SUPERHIGHWAY_API_KEY=your_key_here
OPENAI_API_KEY=your_key_here

3. Research the regulatory landscape

Start with /research. One call pulls multiple sources into a synthesis of the regulatory framework — its history, scope, who it applies to, and how enforcement has trended — so the LLM has grounded context instead of guessing.

import requests, os, json

SUPERHIGHWAY_KEY = os.getenv("SUPERHIGHWAY_API_KEY")
BASE = "https://superhighway.walls.sh"

def research_regulation(topic: str, jurisdiction: str = "US") -> str:
    """Deep synthesis of the regulatory framework, history, and enforcement trends."""
    r = requests.get(
        f"{BASE}/research",
        params={
            "q": f"{topic} regulation compliance requirements {jurisdiction} enforcement",
            "pages": 6
        },
        headers={"Authorization": f"Bearer {SUPERHIGHWAY_KEY}"}
    )
    data = r.json()
    return data.get("synthesis", data.get("markdown", ""))[:3000]

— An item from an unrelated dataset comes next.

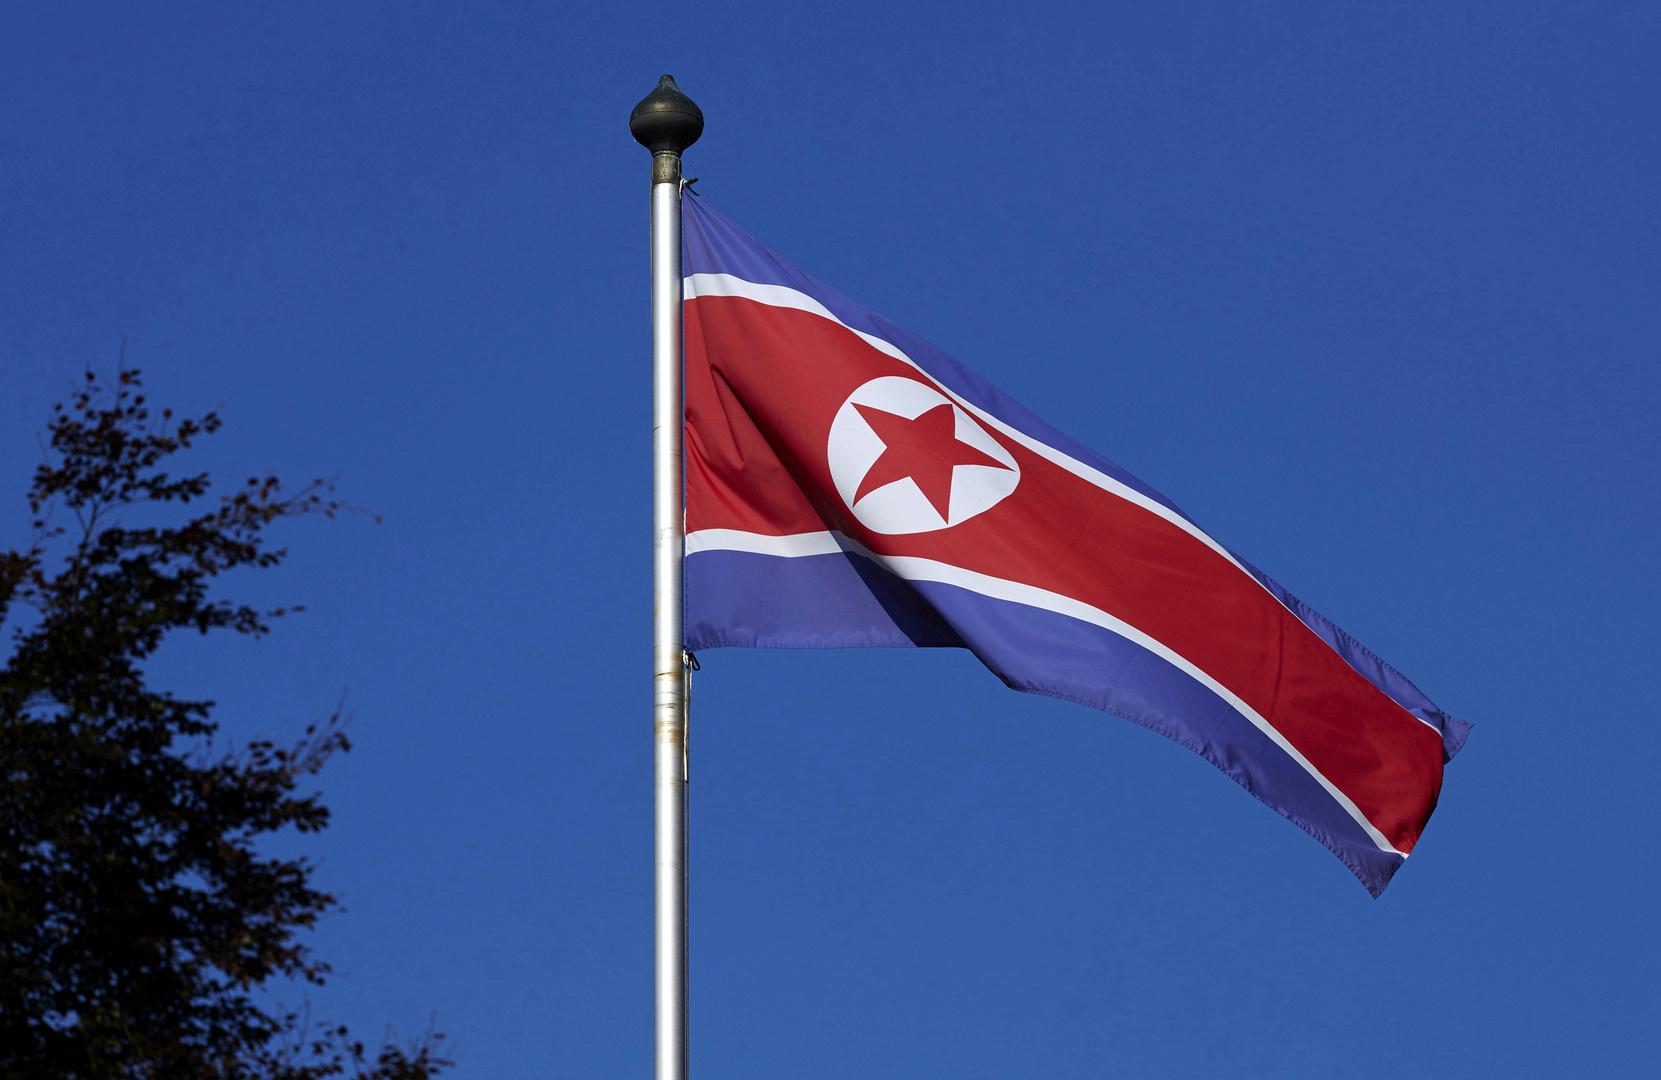 Parliamentary source: North Korea's acting ambassador to Kuwait fled to South Korea
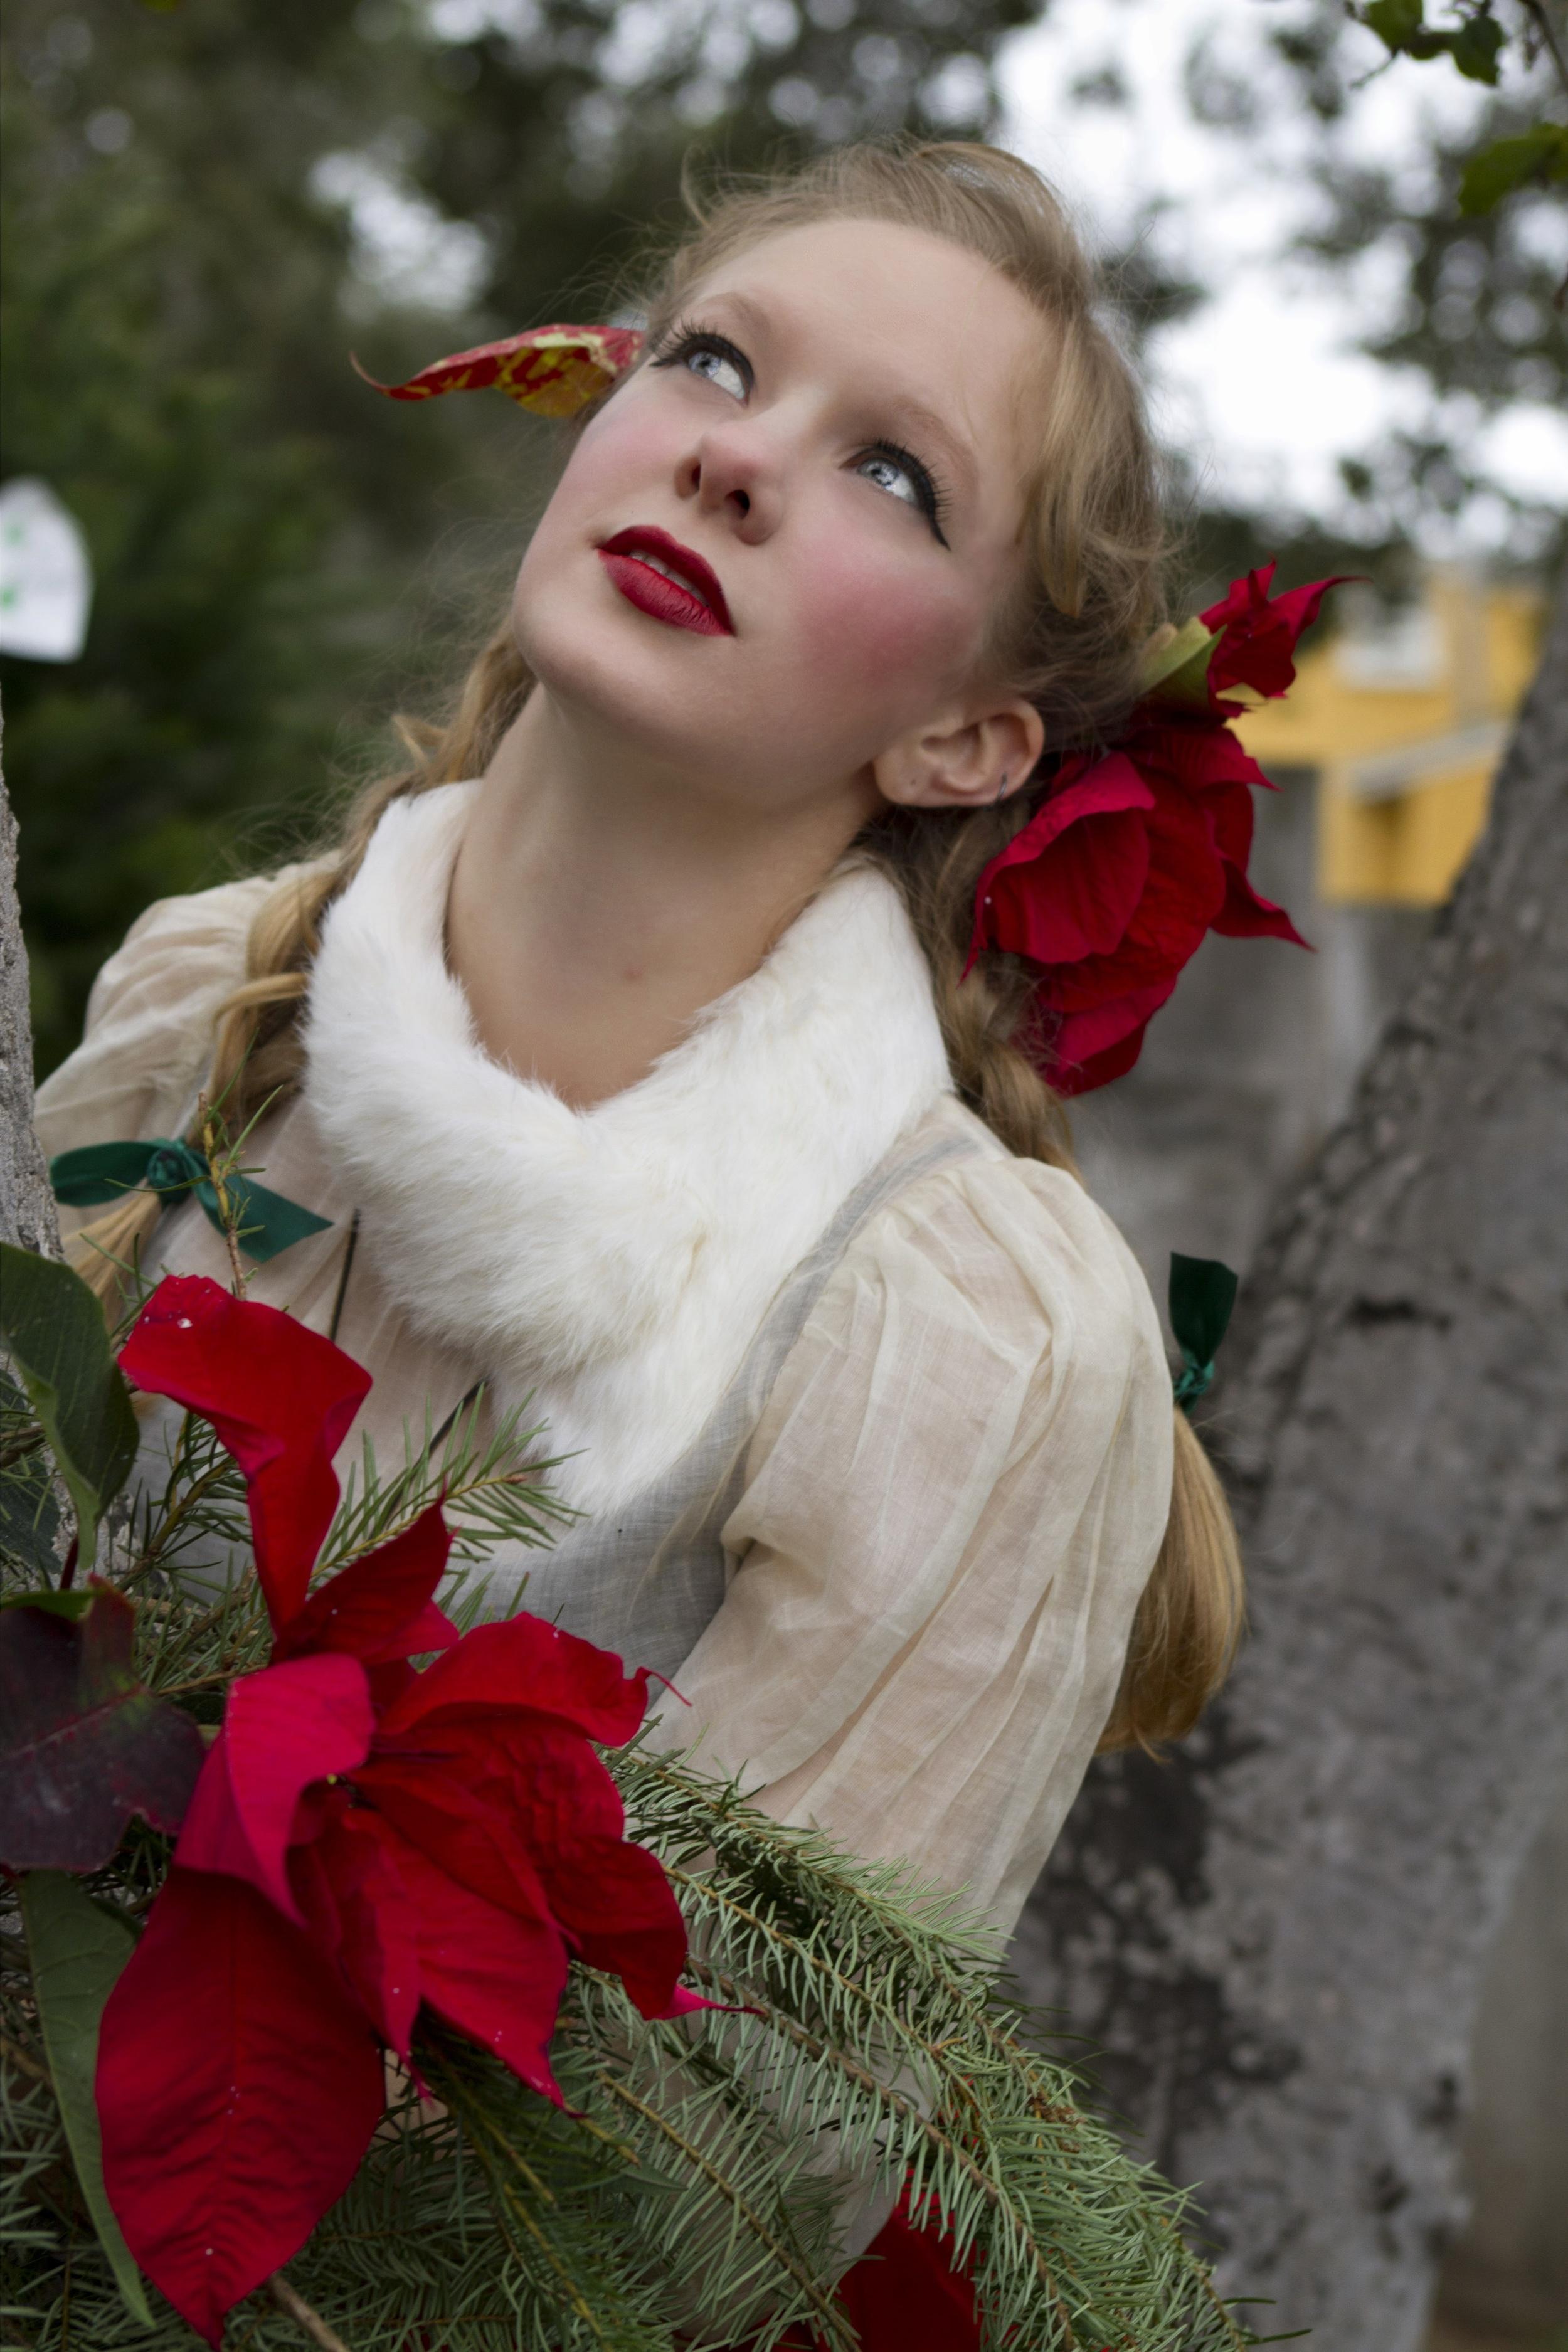 Poinsettia girl

4. Find primary regulations and official guidance

Two narrow /search calls: one hunts for the primary regulations, statutes, and official agency guidance — the authoritative sources — and one looks for compliance checklists and requirements summaries that translate the rules into actionable steps.

def find_regulations(topic: str, jurisdiction: str = "US") -> list[dict]:
    """Find the primary regulations, statutes, and official agency guidance."""
    r = requests.get(
        f"{BASE}/search",
        params={
            "q": f"{topic} {jurisdiction} federal regulation statute compliance requirements official",
            "limit": 8
        },
        headers={"Authorization": f"Bearer {SUPERHIGHWAY_KEY}"}
    )
    return r.json().get("results", [])

def find_compliance_checklists(topic: str) -> list[dict]:
    """Find compliance checklists, guides, and requirements summaries."""
    r = requests.get(
        f"{BASE}/search",
        params={
            "q": f"{topic} compliance checklist requirements guide penalties",
            "limit": 5
        },
        headers={"Authorization": f"Bearer {SUPERHIGHWAY_KEY}"}
    )
    return r.json().get("results", [])

5. Scrape regulatory pages

/scrape turns each regulatory or compliance page into clean, LLM-ready markdown — specific requirements, penalty schedules, and definitions — so the LLM summarizes real content, not just a title.

def scrape_regulatory_page(url: str) -> dict:
    """Scrape a regulatory or compliance page for specific requirements."""
    r = requests.get(
        f"{BASE}/scrape",
        params={"url": url},
        headers={"Authorization": f"Bearer {SUPERHIGHWAY_KEY}"}
    )
    data = r.json()
    return {
        "url": url,
        "title": data.get("title", ""),
        "content": data.get("markdown", "")[:2500],
    }

6. Get recent enforcement and regulatory news

/news surfaces the time-sensitive layer a statute can't give you — fresh enforcement actions, fines, proposed rules, and penalty announcements.

def get_regulatory_news(topic: str, jurisdiction: str = "US") -> list[dict]:
    """Get recent enforcement actions, proposed rules, and regulatory changes."""
    r = requests.get(
        f"{BASE}/news",
        params={
            "q": f"{topic} {jurisdiction} enforcement action fine penalty regulation update",
            "count": 6
        },
        headers={"Authorization": f"Bearer {SUPERHIGHWAY_KEY}"}
    )
    return r.json().get("articles", [])

7. Generate the regulatory brief with an LLM

Now hand everything to the LLM. The system prompt pins the output to the reader's role, forbids legal advice and outcome predictions, and forces every claim back to the sources — anything the sources don't support is flagged, not invented. The output is structured JSON so it slots straight into a doc, checklist, or compliance tracker.

from openai import OpenAI

llm = OpenAI(api_key=os.getenv("OPENAI_API_KEY"))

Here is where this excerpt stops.